Here in the Pasadena Unified School District in California, we are making enormous headway to restore the empty spaces. Five years ago, a PUSD principal and I created a Women’s History Month assembly, with a specific focus on the history of the women’s liberation movement — a movement that changed the American landscape for all but has not been given its due. For instance, before the women’s liberation movement, a student applying to college could legally be denied admission simply because she was female. Feminists changed that.

Feminists have not been significantly noted in our textbooks as changemakers and leaders of our nation. I suspect things would be different now if we had all been taught the details of the women’s liberation movement.

Equal space in textbooks won’t be given to us. We must build a cultural memory of women in history and include it in our curriculums and teaching environments. The textbook authors will follow.

Jennifer Hall Lee, Altadena, Calif.

The writer is a Pasadena Unified School District trustee and
director of “Feminist: Stories
From Women’s Liberation.”

It was disappointing that Micaela Wells, a student at Thomas Jefferson High School for Science and Technology, did not mention a single female physicist, astronomer or astrophysicist. I can name quite a few: Margaret Burbidge, Maria Goeppert Mayer, Cecilia Payne-Gaposchkin, Henrietta Leavitt, Chien-Shiung Wu.

Rosemary Killen, Greenbelt

The writer is an astronomer.

It was ironic that Kathleen Parker’s Jan. 2 op-ed, “Where I went wrong in a year of writing,” appeared in print just below Micaela Wells’s “My history textbook’s message: Women don’t matter.” Ms. Parker wrote about “wokeness” and criticized herself for failing to call it out for “the foolishness it has become — a bludgeon used to stifle dissent and stymie discourse.” But wokeness is simply “a state of being aware, especially of social problems such as racism and inequality,” according to the Cambridge Dictionary. Clearly, what she should be calling out are those who misuse “wokeness” to stifle dissent and stymie discourse.
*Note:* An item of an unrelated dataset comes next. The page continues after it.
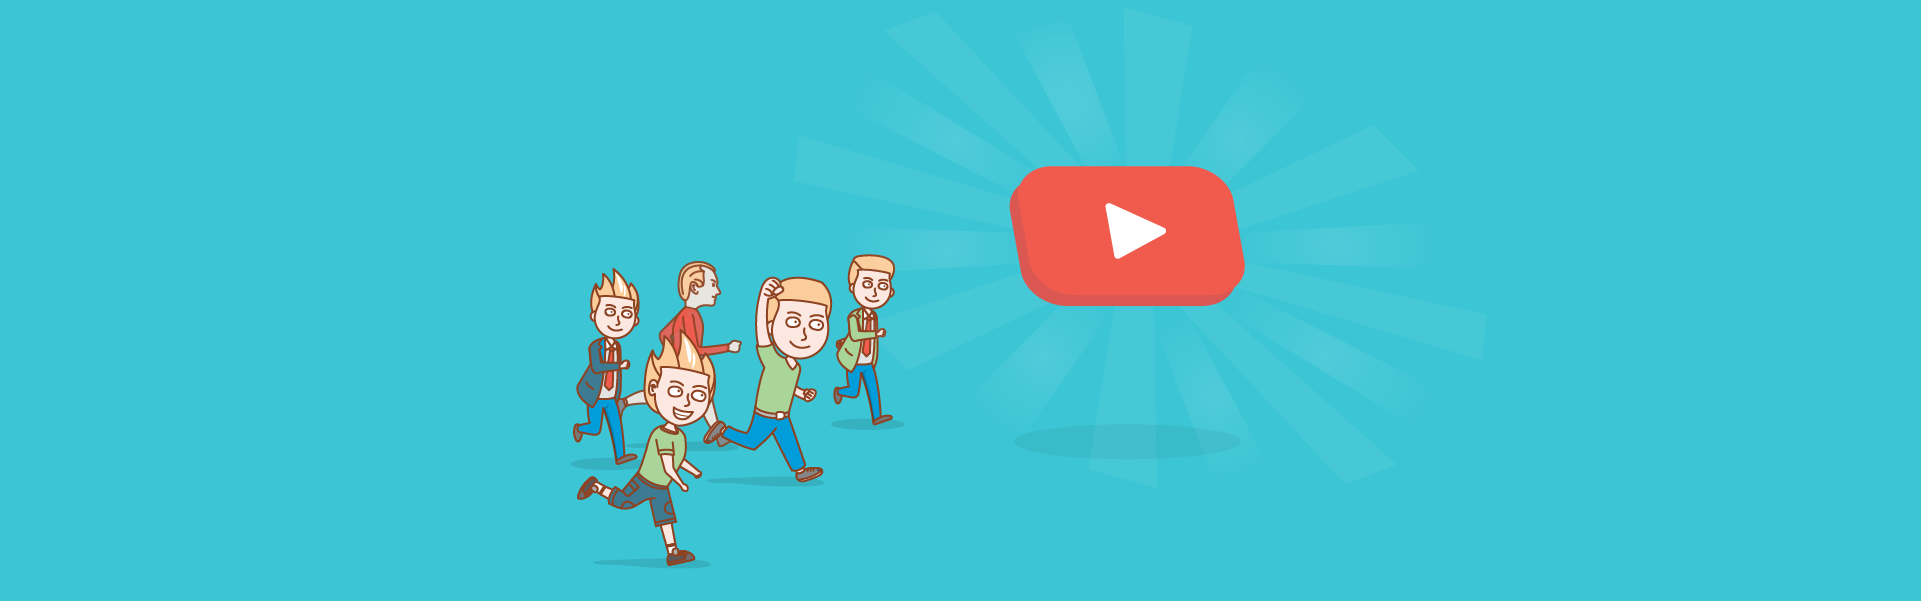 6 YouTube Lead Generation Tips to Help Your Business Grow

Ms. Wells’s op-ed was an excellent example of “wokeness.” She carefully demonstrated how even today’s textbooks “cancel” women’s history and have led to an amazing ignorance of important women in American history. Ms. Wells went beyond wokeness by pointing out (correctly, I believe) that “as we work toward women’s equality, education is holding us back.” She was also correct to write that when women’s accomplishments are omitted from today’s U.S. history curriculum, “it becomes more difficult for students to see how gender-based inequities remain entrenched.”

Far from stifling dissent and stymieing discourse, Ms. Wells was expressing a dissenting opinion about the state of U.S. history education and making an important contribution to the discourse about the subject.